Pope urges bishops to be vigilant over who they admit to the seminary as world needs “mature and balanced” clergy
Priests must leave their “fortresses”, says Francis 
Christopher Lamb
Pope Francis has said vocations are best generated by pastorally minded priests living in the real world while begging bishops to carefully vet who they ordain.
Speaking at a Vatican conference today, Francis told an audience of cardinals, bishops and vocation experts to re-think their vocations ministry so it did not simply become a bureaucratic pastoral programme.
The Pope told the gathering that their work involves “going out” and listening to people: he pointed out that his own vocation was not the result of a “nice theory” but having experienced the “merciful gaze of Jesus over me.”
In order for this to happen, Francis explained, the Church should stop reducing Catholicism to a “recipe of rules” while clergy needed to break out of their closed worlds.

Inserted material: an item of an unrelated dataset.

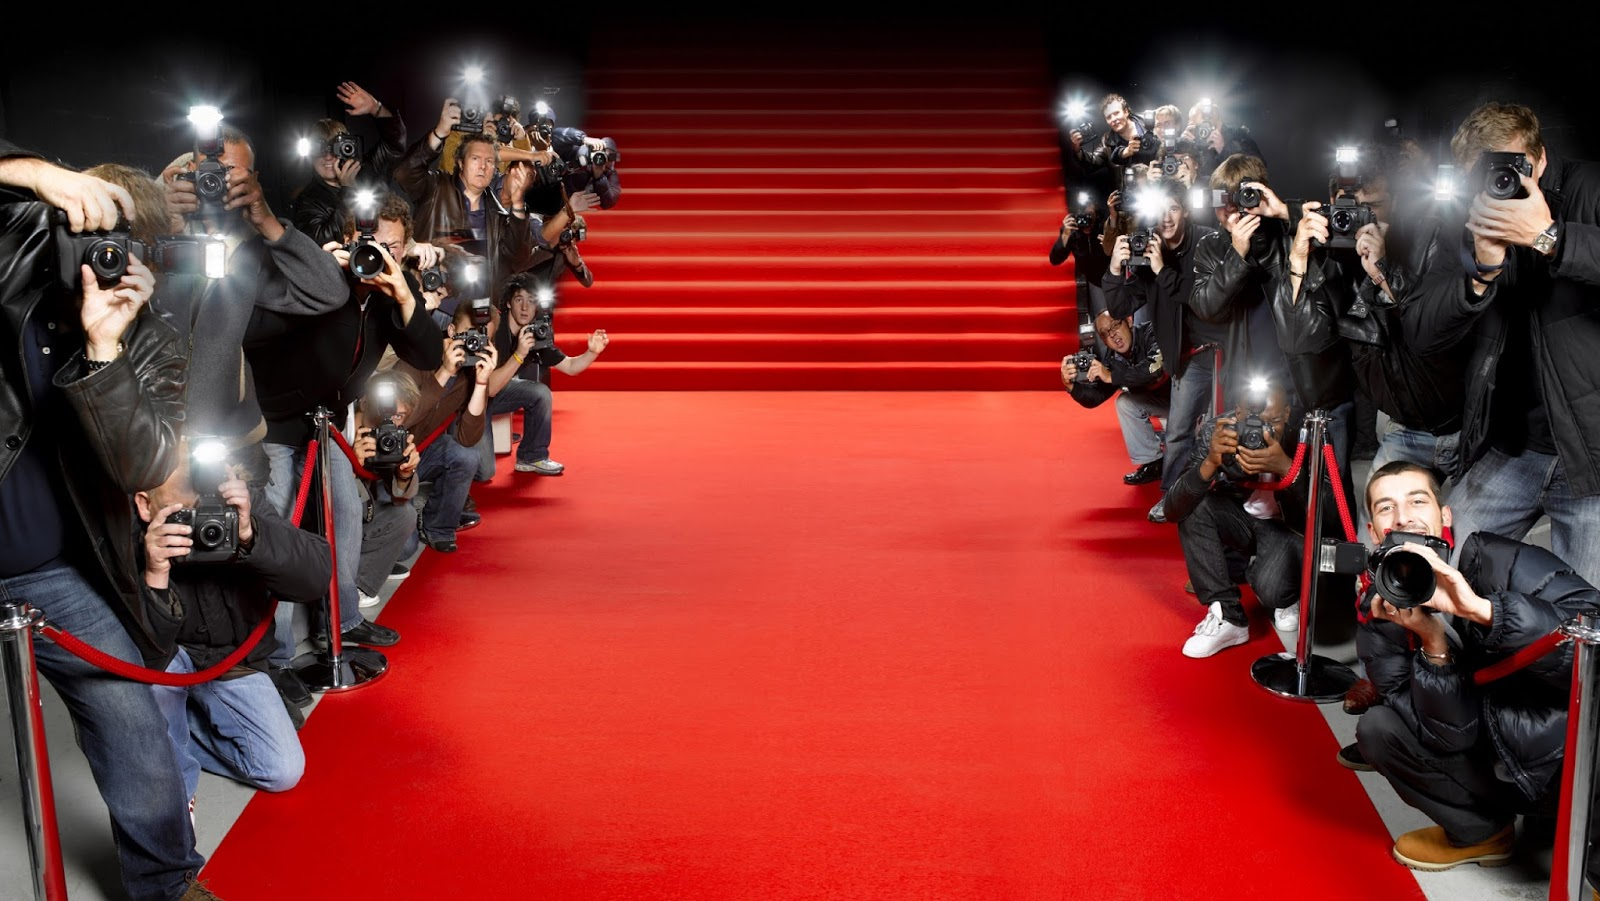 بالصور كيف تصبح مشهور , طريقك لتحقيق الشهرة 1149

“It’s sad when a priest lives only for himself, enclosed in the safe fortress of the rectory, the sacristy or among a restricted group of loyal followers,” the Pope told the International Conference on Vocations, organised by the Congregation for Clergy. “On the contrary, we are called to be shepherds among the people, capable of showing pastoral care and taking the time to welcome and listen to everyone, especially young people.”

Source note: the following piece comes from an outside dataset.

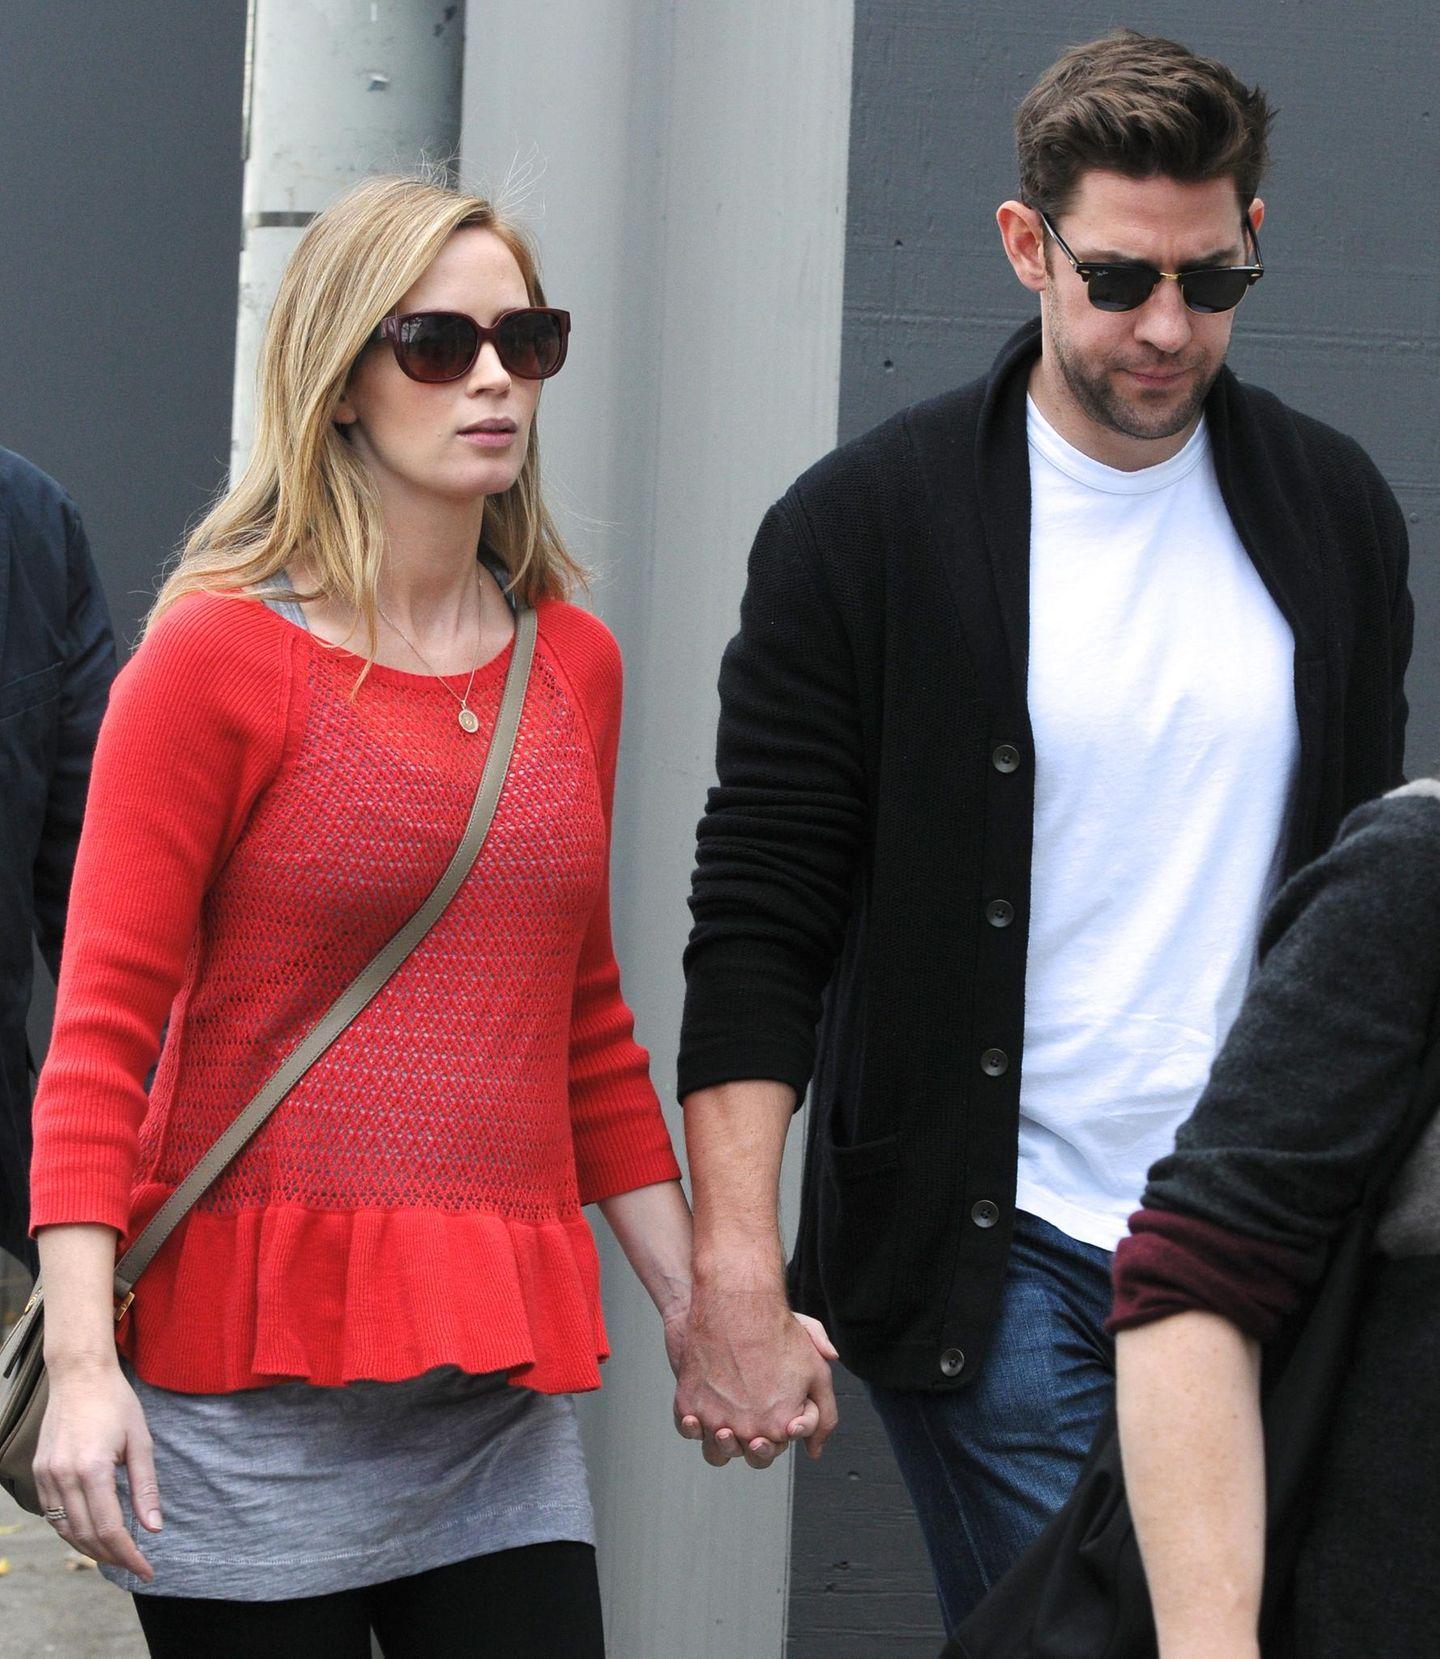 3. Dezember 2013: Langsam sieht man den Babybauch von Emily Blunt. Gemeinsam mit Ehemann John Krasinski ist sie zum Einkaufen auf der Melrose Avenue in Los Angeles unterwegs.

Francis stressed that the world needs “mature and balanced” priests and appealed to bishops to be vigilant when vetting candidates for ordained ministry.

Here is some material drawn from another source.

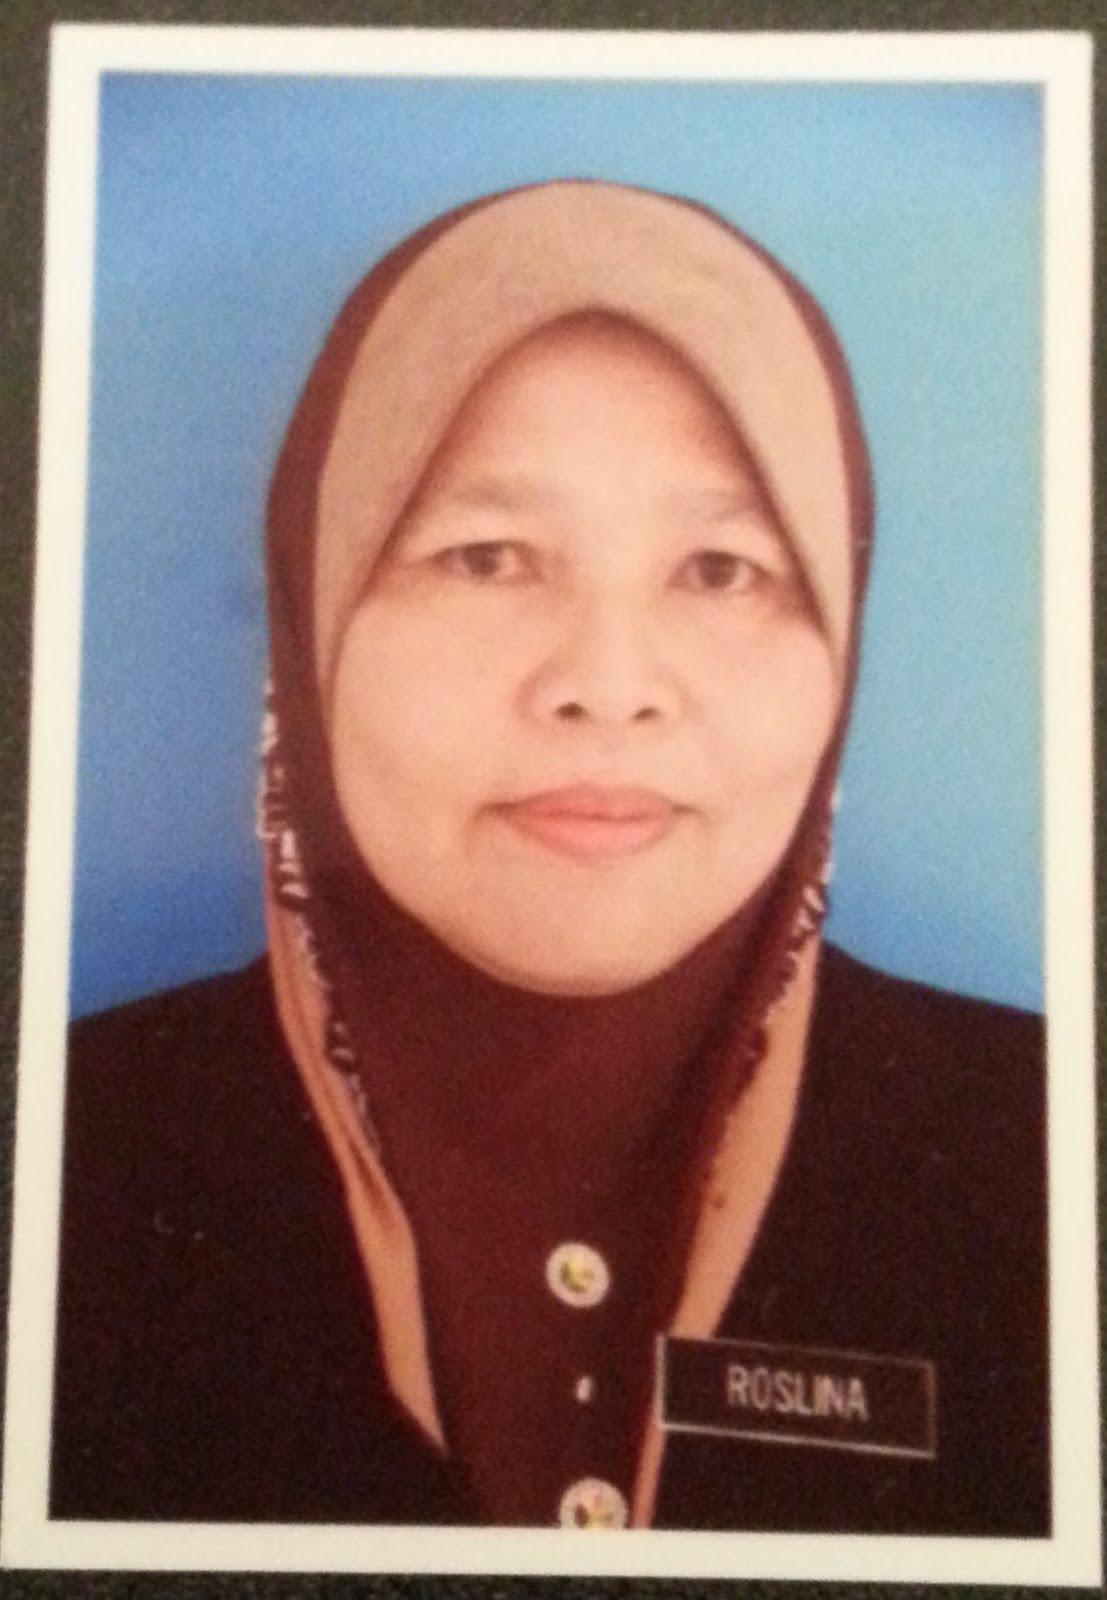 Pn. Roslina Binti Abdul Rani

“When it comes to vocations to the priesthood and those entering the seminary, I beg you to discern the truth, to have a shrewd and cautious look,” Francis explained. “I say this especially to brother bishops: vigilance and prudence.”
The Pope has told bishops in the past that it is better to focus on “quality” rather than “quantity” of vocations and wants to ensure seminaries offer rigorous training of priests
To that end he has appointed Mexican Archbishop Jorge Patron Wong as Secretary for Seminaries at the Congregation for Clergy who is preparing a major document on priestly formation.
The conference took as it’s theme the Pope’s own episcopal motto “Miserando atque eligendo”: this translates as “by having mercy and by choosing” and is taken from a homily on the call of Matthew by English saint, the Venerable Bede.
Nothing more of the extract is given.